After high school, he began studying law. It was his dream to become a famous lawyer. He continued to use his photography talents to earn a bit of extra money. His first part-time job was as press photographer for the Hamburger ABENDBLATT (Hamburg Evening Paper) and the STERN magazine. Not surprisingly he discovered that his press photos were very good, meaning that he earned more than his fulltime colleagues.
Peter Geller's big break came when he was assigned to cover the breaking story of a bank robbery in the south of Germany (500 miles away from his hometown Hamburg). The shots he took where published in all the major magazines around the world. In 1971, for those amazing shots, Peter received the greatest award in press photography available, the WORLD PRESS PHOTO AWARD. This was also the launch of Peter Geller’s new career.

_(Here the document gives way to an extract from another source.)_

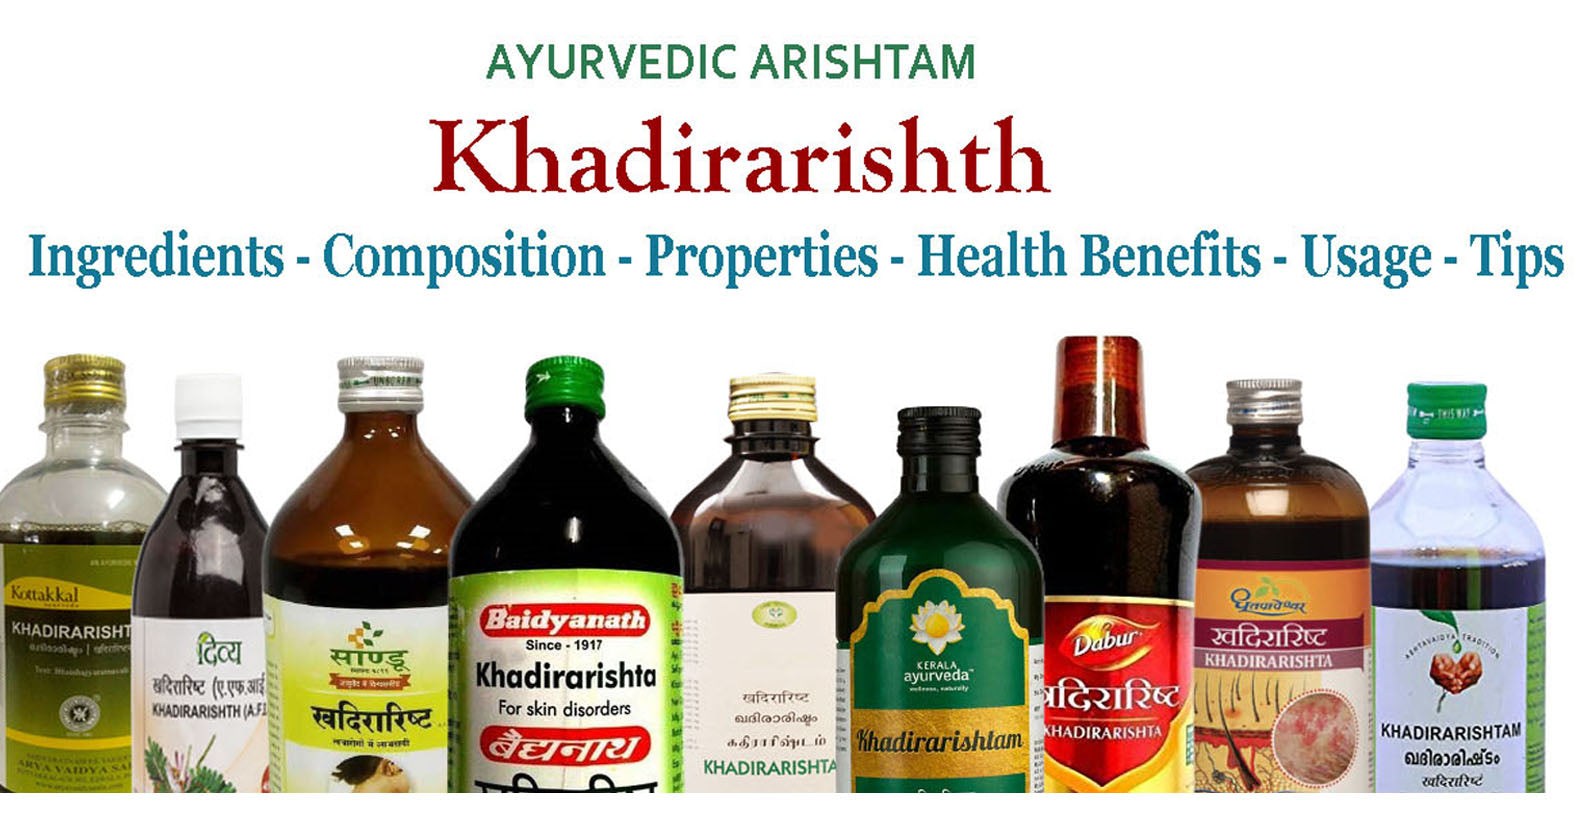 Khadirarishth- Ingredients, Composition, Properties, Health Benefits, Usage, Tips

From that moment on, from his photo studio in Hamburg, Germany, Peter worked for all the major magazines and advertising agencies. Among his clients were, to name just a few, KODAK, AGFA, ZEISS, BAYER and POLAROID. Throughout those many years he also shot 10.000 covers for Harlequin Romances. The following 15 years he spent bounding around the globe for his clients and sleeping at least two out of three nights in hotel beds.
A shooting for AGFA sent Peter to Los Angeles. With three AFGA clients from Germany, three models from Paris and a crew of four from Hamburg he found himself smack-dab in the middle of a freak California storm. When the clouds went away, it left beautiful brilliant sunshine but also gale force winds on the beach where they needed to shoot. The weather conditions forced them to improvise since all of his portable reflectors were too wobbly in the wind and the shiny boards from the movie industry were too heavy. Hiring and extra crew just to move and hold the reflectors seemed excessive to Geller. As a result, during their downtime in the hotel room, the first SUNBOUNCE prototype, which just managed to rescue the shooting, was created.
Inspired by success, Peter Geller developed using his prototype the famous CALIFORNIA SUNBOUNCE (named after its birthplace) SUN-BOUNCE PRO reflector that he patented worldwide.